Use these calls explicitly in services:

collection.commit()      # fast logical commit
collection.checkpoint()  # durable checkpoint for critical boundaries
collection.close()       # close this handle

commit() is the normal ingestion boundary. It makes writes visible and clears WAL state without forcing a recursive fsync, so it is fast enough to use after regular batches. It does not promise that bytes have reached stable storage at the exact moment the call returns.

checkpoint() is the explicit durability boundary. It syncs committed collection state and clears WAL, and can be called before backups, snapshots, controlled shutdowns, or any point where the application must know the batch is durably on disk.

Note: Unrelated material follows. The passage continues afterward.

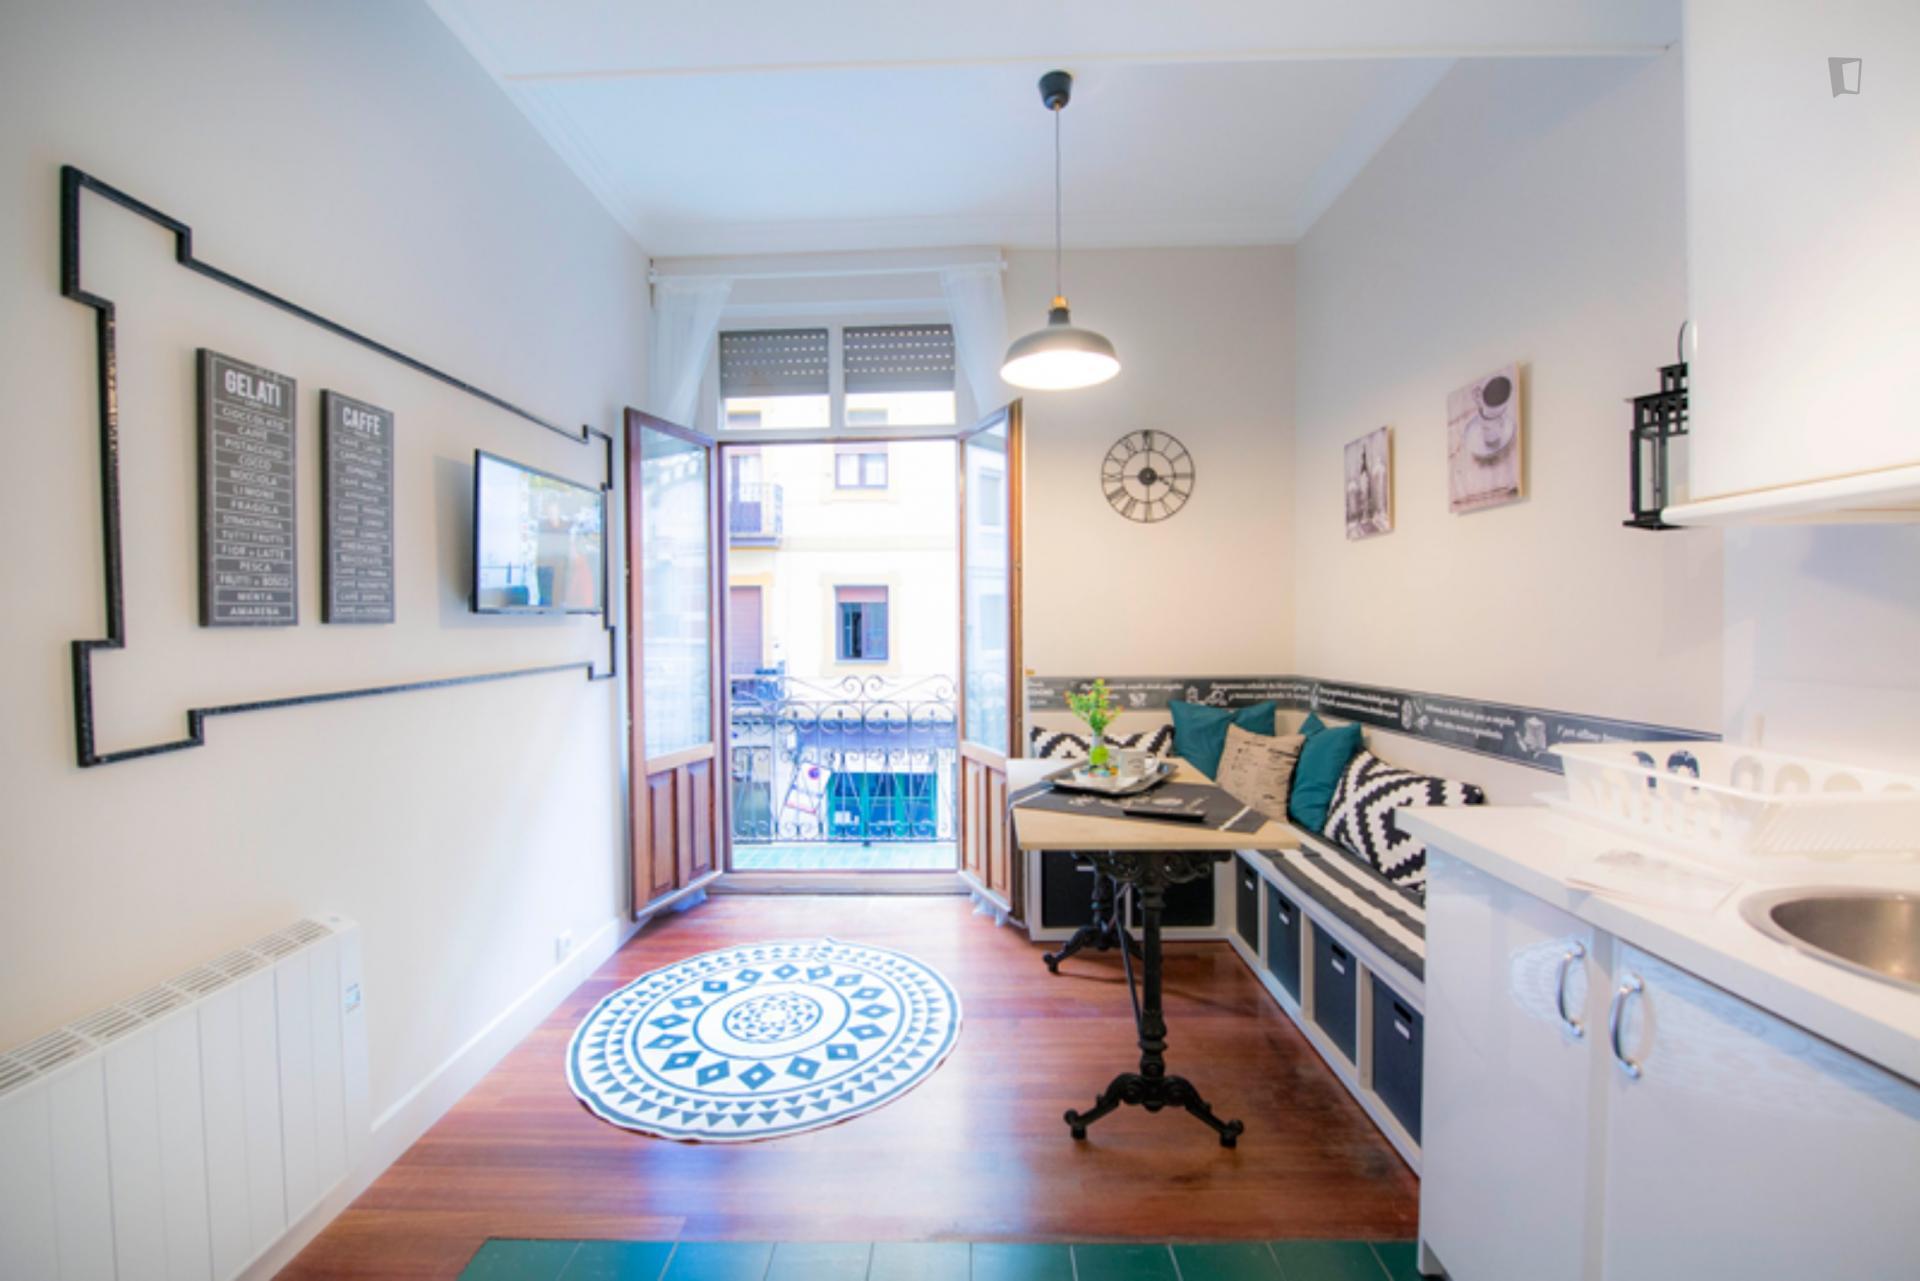 Kalea 17 - Apartamento bellamente ubicado en Bilbao

flush() is an advanced storage call: it flushes pending buffers and bytes but does not clear WAL. Most applications should prefer commit() for normal ingestion and checkpoint() for durable checkpoints.

The practical rule:

Call Use it when
add() You want a simple write-through batch.
insert_session() You want grouped ingestion with automatic commit on success.
with collection: You want normal collection calls committed automatically on success.
commit() A write batch is complete and should be visible quickly.
checkpoint() You need a deterministic on-disk durability point.
flush() You want pending buffers and bytes flushed without clearing the WAL.
close() The process is done with the collection handle.

Common Ingestion Checks

print(collection.shape)       # (n_vectors, dim)
print(collection.max_id)      # highest internal numeric ID, mostly diagnostic
print(collection.is_id_exists("manual-001#3"))
print(collection.stats())
print(collection.list_fields())

Common Ingestion Errors

Symptom Likely cause Fix
dimension error Vector length does not match collection dim. Validate embedding shape before insertion.
duplicate ID error The public ID already exists and you used add(). Use a new ID or use upsert().
missing metadata in results Search was called without return_fields=True. Set return_fields=True or query fields separately.
empty query result query() was called without where or filter_ids. Pass a filter or explicit IDs.
large HTTP request rejected Server payload or batch limit was exceeded. Lower batch_size or increase server limits.

Ingestion Recipe for Production

  1. Generate embeddings in float32, or choose dtypes="float16" when storage footprint matters more than full precision.
  2. Assign stable public IDs as strings or non-negative integers.
  3. Store tenant, language, timestamps, display text, and reranking payloads in metadata fields.
  4. Insert in batches with add() or insert_session().add().
  5. Call build_index() or rebuild the index after a large load.
  6. Run a few known vector, document, BM25, and filter queries.
  7. Call checkpoint() before snapshot or controlled shutdown.